Now we define the component ordering \(\succ _{\textsf {c}} = (\succ _{\textsf {cl}}, \succ _{\textsf {tr}}, \succ _{\textsf {cs}})\). Let two components be \(\mathcal {C}_1 = (d_1){t_1}{s_1}\) and \(\mathcal {C}_2 = (d_2){t_2}{s_2}\). We have \(\mathcal {C}_1 \succ _{\textsf {c}} \mathcal {C}_2\) if \(\mathcal {C}_1 \ne \mathcal {C}_2\) and \(d_1 \succ _{\textsf {cl}} d_2\) or \(d_1 = d_2\) and either \(t_1 \succ _{\textsf {tr}} t_2\) or \(t_1 = t_2\) and \(s_1 \succ _{\textsf {cs}} s_2\). Clearly \(\succ _{\textsf {c}} \) is well-founded, since \(\succ _{\textsf {tr}} \), \(\succ _{\textsf {cs}} \), and \(\succ _{\textsf {cl}} \) are well-founded. For two global states \(\mathcal {S}\) and \(\mathcal {T}\), we have \(\mathcal {S} \succ _{\textsc {ACD}} \mathcal {T}\) if \(\mathcal {S} \ne \mathcal {T}\) and for each component \(\mathcal {C}\) such that \(\mathcal {C}\) is larger in \(\mathcal {T}\) than in \(\mathcal {S}\) with respect to \(\succ _{\textsf {c}} \), \(\mathcal {S}\) contains a component \(\mathcal {C}'\) that is larger in \(\mathcal {S}\) than in \(\mathcal {T}\). Since \(\succ _{\textsf {c}} \) is well-founded, also \(\succ _{\textsc {ACD}} \) is well-founded. Figure 4 shows that each rule application leads to a smaller global state, concluding our proof.

6 Generalization

The generalized rules are listed in Fig. 5. In our generalized framework, we have \({F}|{}_{I} = \bigwedge _{i=1}^{n}G_i\), and \(\textsf {var}(G_i) \cap \textsf {var}(G_j) = \emptyset \) for and \(i \ne j\) (rule DecomposeG). Similarly to their equivalents in ACD, rules ComposeBackG and ComposeEndG are applicable if all subcomponents are closed.

7 Discussion

We have presented Abstract CNF2dDNNF, or ACD for short, a formal framework for compiling a formula in CNF into d-DNNF combining CDCL-based model enumeration with chronological backtracking [34] and dynamic component analysis [4]. Conflict-driven clause learning enables our framework to escape regions without solution early, and chronological backtracking prevents multiple model enumeration without the need for remembering already found models using blocking clauses, which slow down unit propagation. However, the absence of blocking clauses also prevents the use of restarts. If exclusively the rules Unit, Decide, BackTrue, BackFalse, CompTrue, and CompFalse are used, a DSOP representation of \(F\) is computed. Unit propagation is prioritized due to its potential to reduce the number of decisions and thus of right branches to be explored. Favoring decompositions over decisions may also shrink a larger part of the search space. Our framework lays the theoretical foundation for practical All-SAT and \(\#\)SAT solving based on chronological CDCL. Any implementation which can be modeled by ACD exhibits its properties, in particular its correctness, which has been established in a formal proof.

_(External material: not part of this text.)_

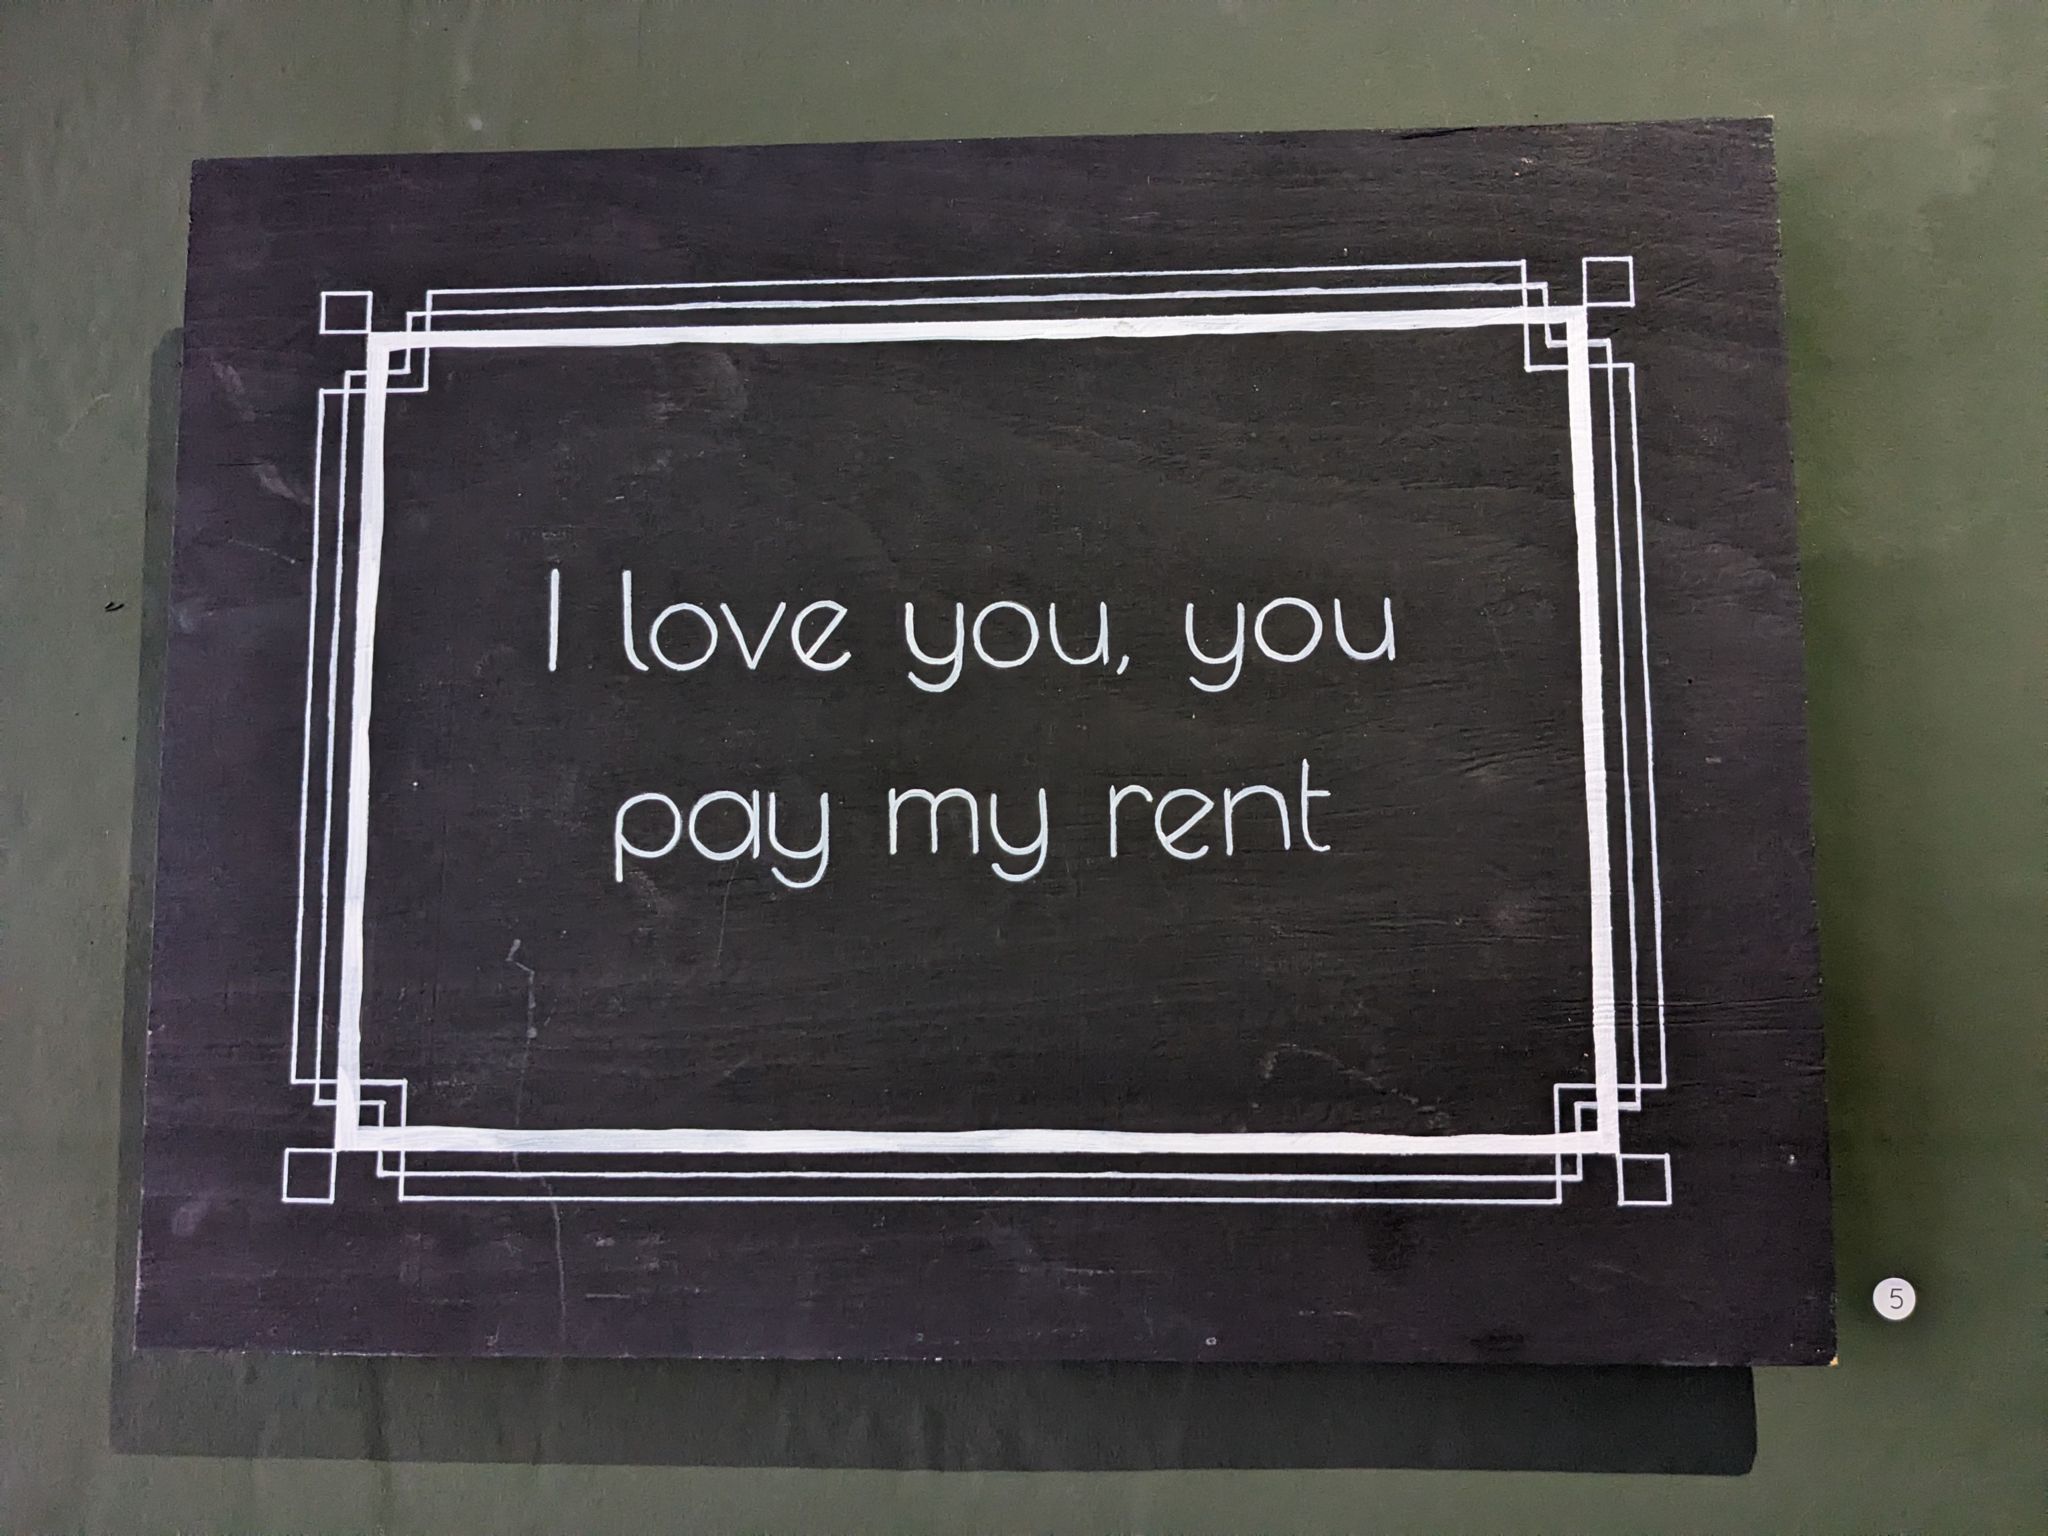 a sign reading "I love you, you pay my rent"

Comparison with Available Tools. There exist other knowledge compilers addressing d-DNNFs. We want to mention c2d [20], Dsharp [37], and D4 [30], which also execute an exhaustive search and conflict analysis. However, our approach differs conceptually from these tools in several ways. The most prominent ones are the use of CDCL with chronological backtracking [33, 38] instead of CDCL with non-chronological backtracking and the way the d-DNNF is created. Our method generates DSOP representations of formulae which can not be decomposed further by an exhaustive (partial) model enumeration and then combines the result, while the tools mentioned above generate the d-DNNF by recording the execution trace as a graph [26, 27]. As ACD, both D4 and Dsharp adopt a dynamic decomposition strategy, while c2d constructs a decomposition tree which it then uses for for component analysis.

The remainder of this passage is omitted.